Especially in the DC area, and in my own family, this is literally true. My late husband worked in a civilian capacity for the Dept of Defense, The Barbarian (and his first wife) worked for the Dept. of Labor, my niece works for the State police, one daughter works for the U S Marshals Service, my grandson, like his father and both of his grandfathers, was in the military. I have friends and acquaintances scattered throughout the Government — Dept of Veterans Affairs, Dept of Defense, Labor, Commerce, Justice, as well as in local and state governments. They work hard, and take pride in doing a good job, just like you do. Four that I know of (and probably more that I don’t) have come up with and implemented procedures that save the taxpayers’ money. Not just talked about it, did it.

Personally, I’ve never worked for the government. Except that, as I said, I always vote. And, I always pay my taxes.

One Republican candidate for President declared that he would eliminate three of the Federal Departments that protect the weak from the strong, because, he said, they hinder business. Think about that. ‘Scuse me, but that’s just exactly why we need them! We need these dedicated government workers that prevent corporations from riding roughshod over their employees, over small businesses, over the water we drink, over the rights of landowners, and the health and safety of the entire nation. We need our government on our side, to put limits on the modern-day robber barons.

And while I’m at it, let’s talk about who exactly it is that generates jobs in this country. It’s not the large corporations, it’s not the wealthy, and it certainly is not the blustering politicians. Most of the new jobs that have been generated in the past decade came from small business — some of which, happily, are becoming large businesses. And just how did these small businesses grow? They grew, and added jobs to the economy, because the great majority of American people — the middle class — bought their goods and services. The Middle Class, with their middle-class incomes, bought the goods that generated the jobs in both small and large businesses. So why do the wealthy deserve tax breaks? More money in their hands does not generate more jobs. Give the tax breaks to the cohort that is truly supporting and growing the US economy — the Middle Class.

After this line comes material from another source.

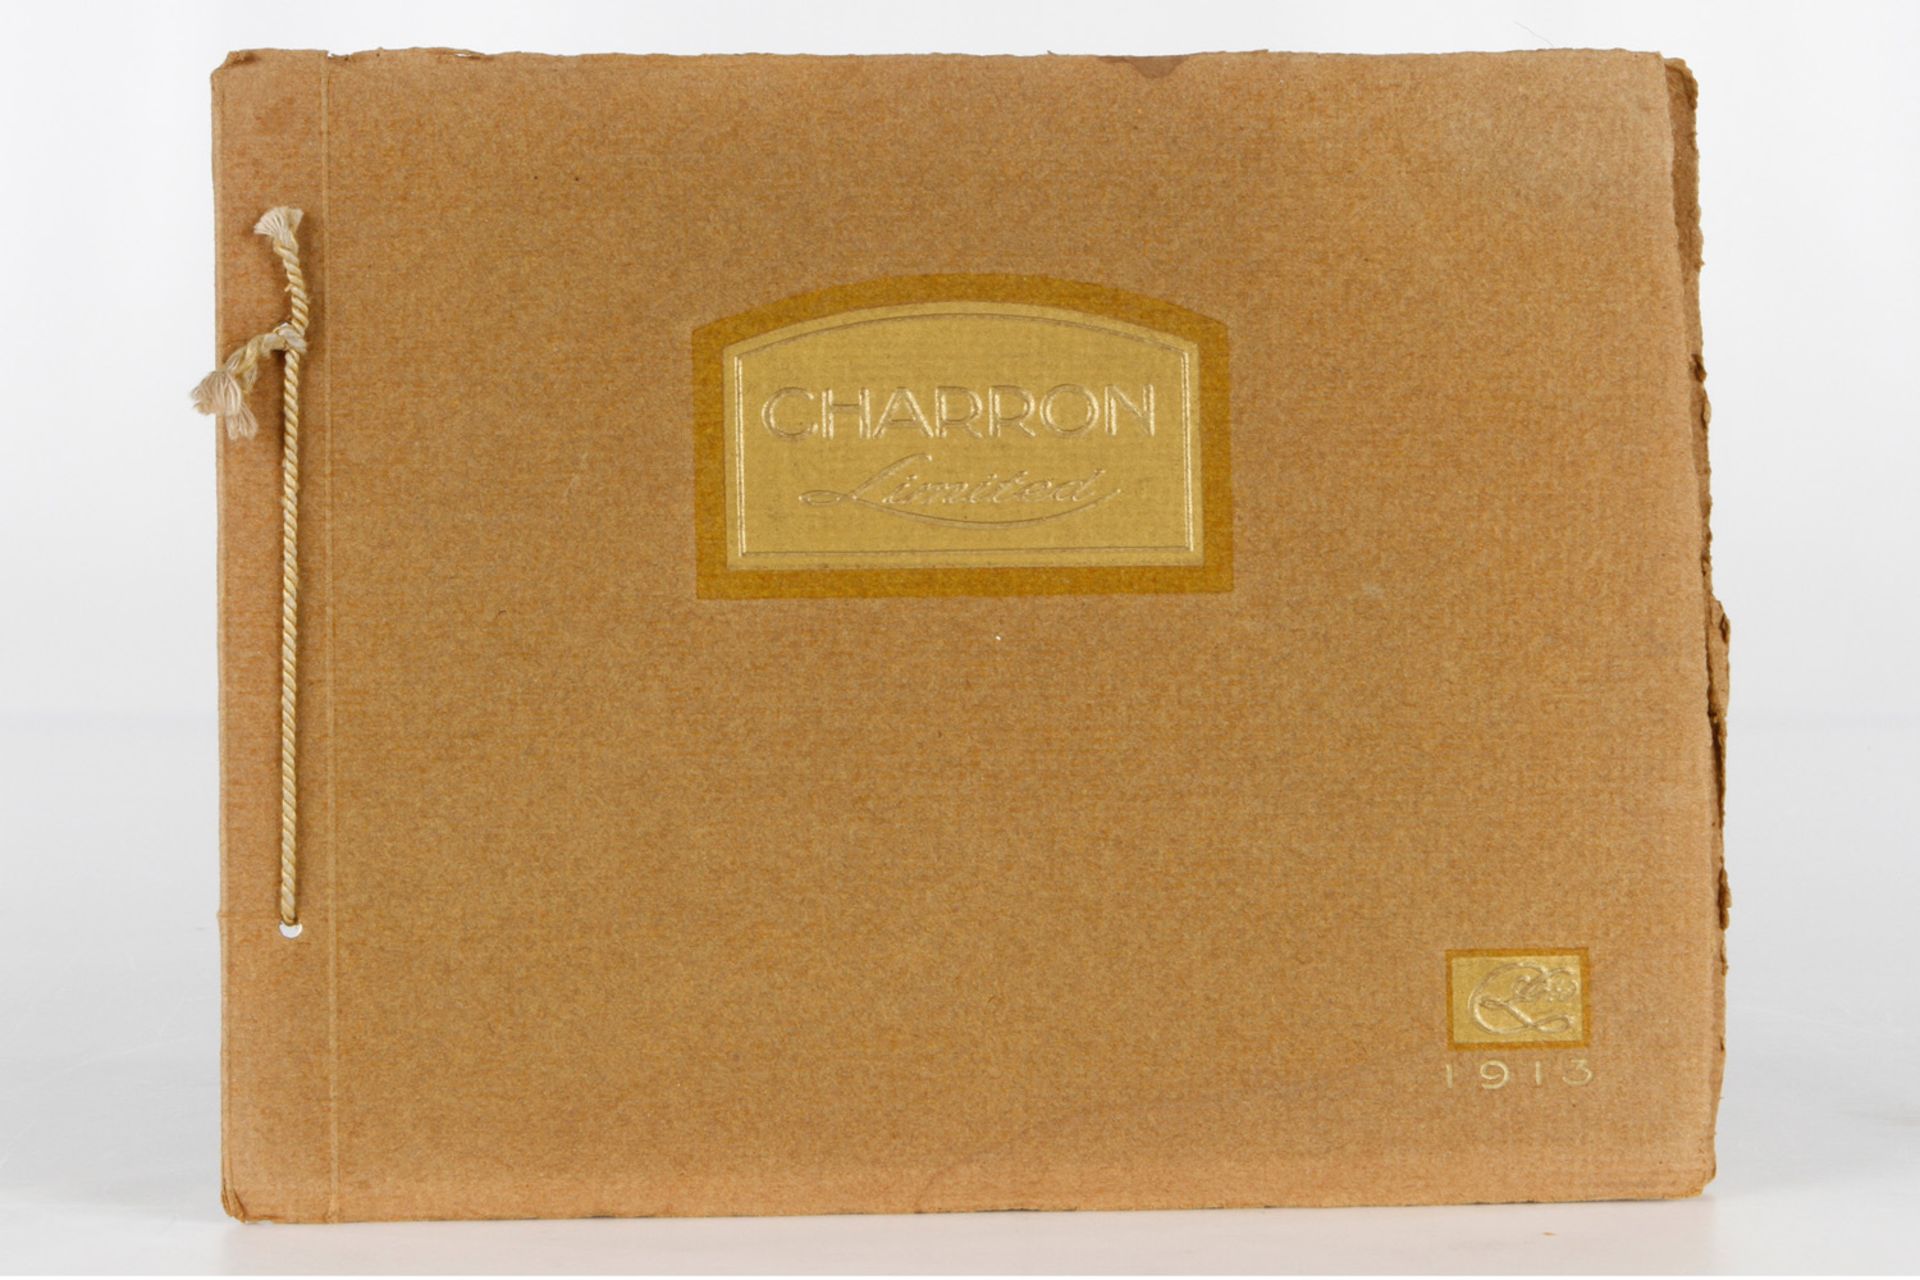 Autokatalog Charron LTD. von 1913, geprägter Einband aus hochw. Karton, 42 Seiten, leichte

But that’s not going to happen, because too many of the politicians are in thrall to their corporate sponsors. The 1% are pulling the strings on their bought-and-paid-for puppets. (Campaign finance reform, anyone?)

Where are the statesmen? The leaders who cared first about the nation, and all its people? The honest men and women who ran for office because they had a dedication to the greater good of the people — not limited to the good of their corporate sponsors, or their particular religion, or their party, or of one state over another.

Well, this has gone in an entirely different direction than I expected. I guess the point I wound up making is that all politics are personal. Each of us has a stake in this — a big one. And this country will be what we make of it, for good or evil.

Think mostly with your brains, folks. And when you do think with your emotions, let those emotions be compassion, caring, and a pride in the integrity that binds good people together, no matter what their personal politics.